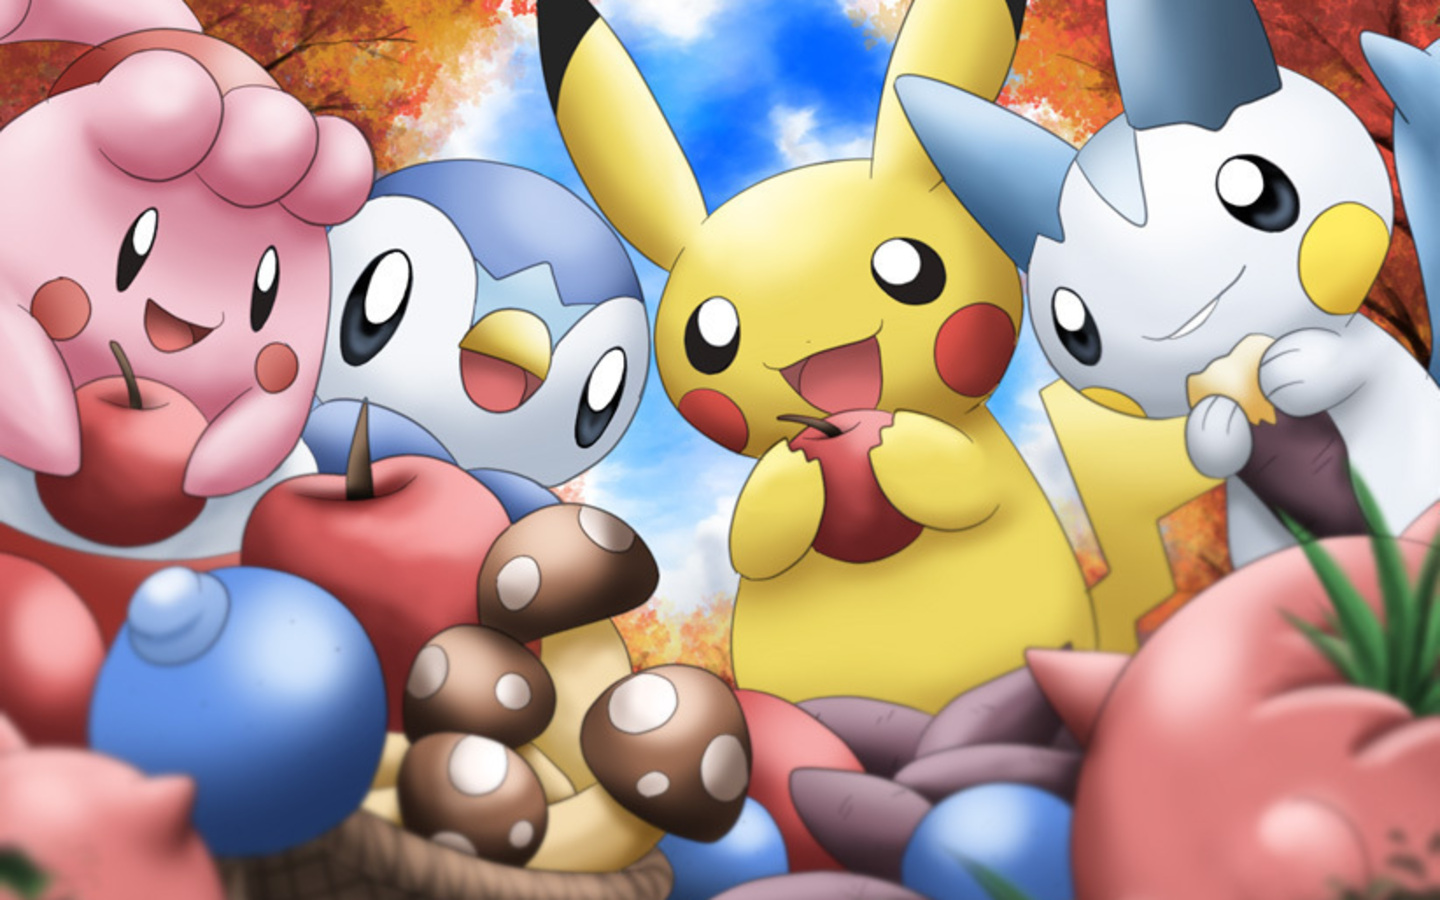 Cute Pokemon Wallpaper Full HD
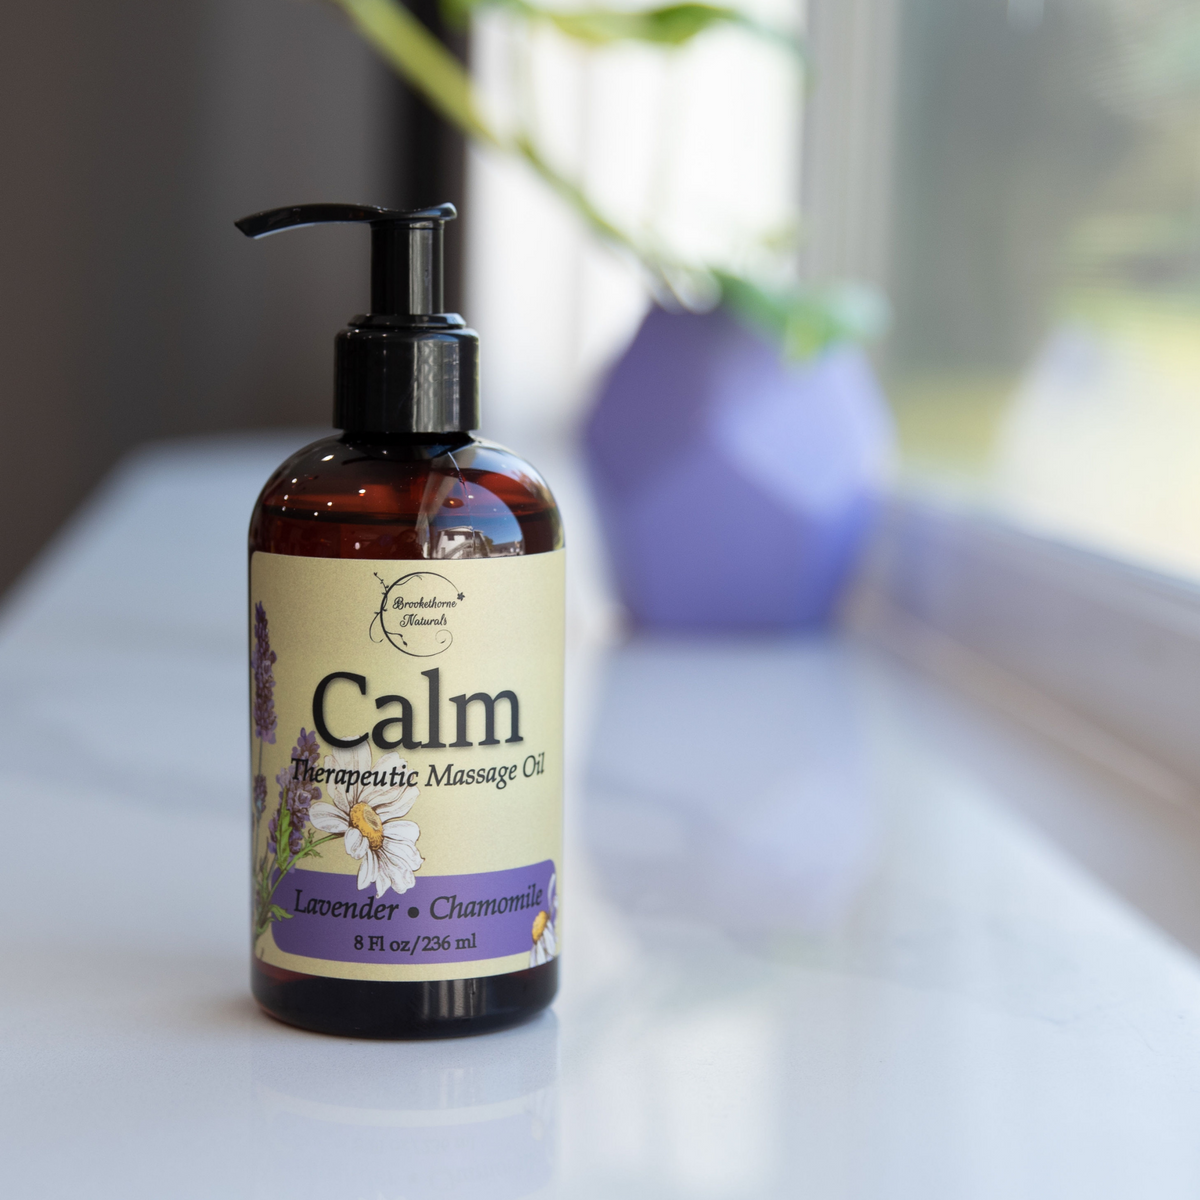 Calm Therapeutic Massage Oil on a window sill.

○ ○ ○ ○ ○ ○ ○

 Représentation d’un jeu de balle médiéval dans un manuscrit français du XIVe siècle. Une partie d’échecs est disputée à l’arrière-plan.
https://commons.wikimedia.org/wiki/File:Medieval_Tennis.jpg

○ ○ ○ ○ ○ ○ ○

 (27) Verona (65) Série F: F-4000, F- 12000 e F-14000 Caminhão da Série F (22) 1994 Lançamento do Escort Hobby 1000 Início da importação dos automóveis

○ ○ ○ ○ ○ ○ ○

Everything between and including the line above containing "Cute Pokemon Wallpaper Full HD" and the line containing "Calm Therapeutic Massage" should be reproduced exactly, with pictures excluded.

 Cute Pokemon Wallpaper Full HD
 Calm Therapeutic Massage Oil on a window sill.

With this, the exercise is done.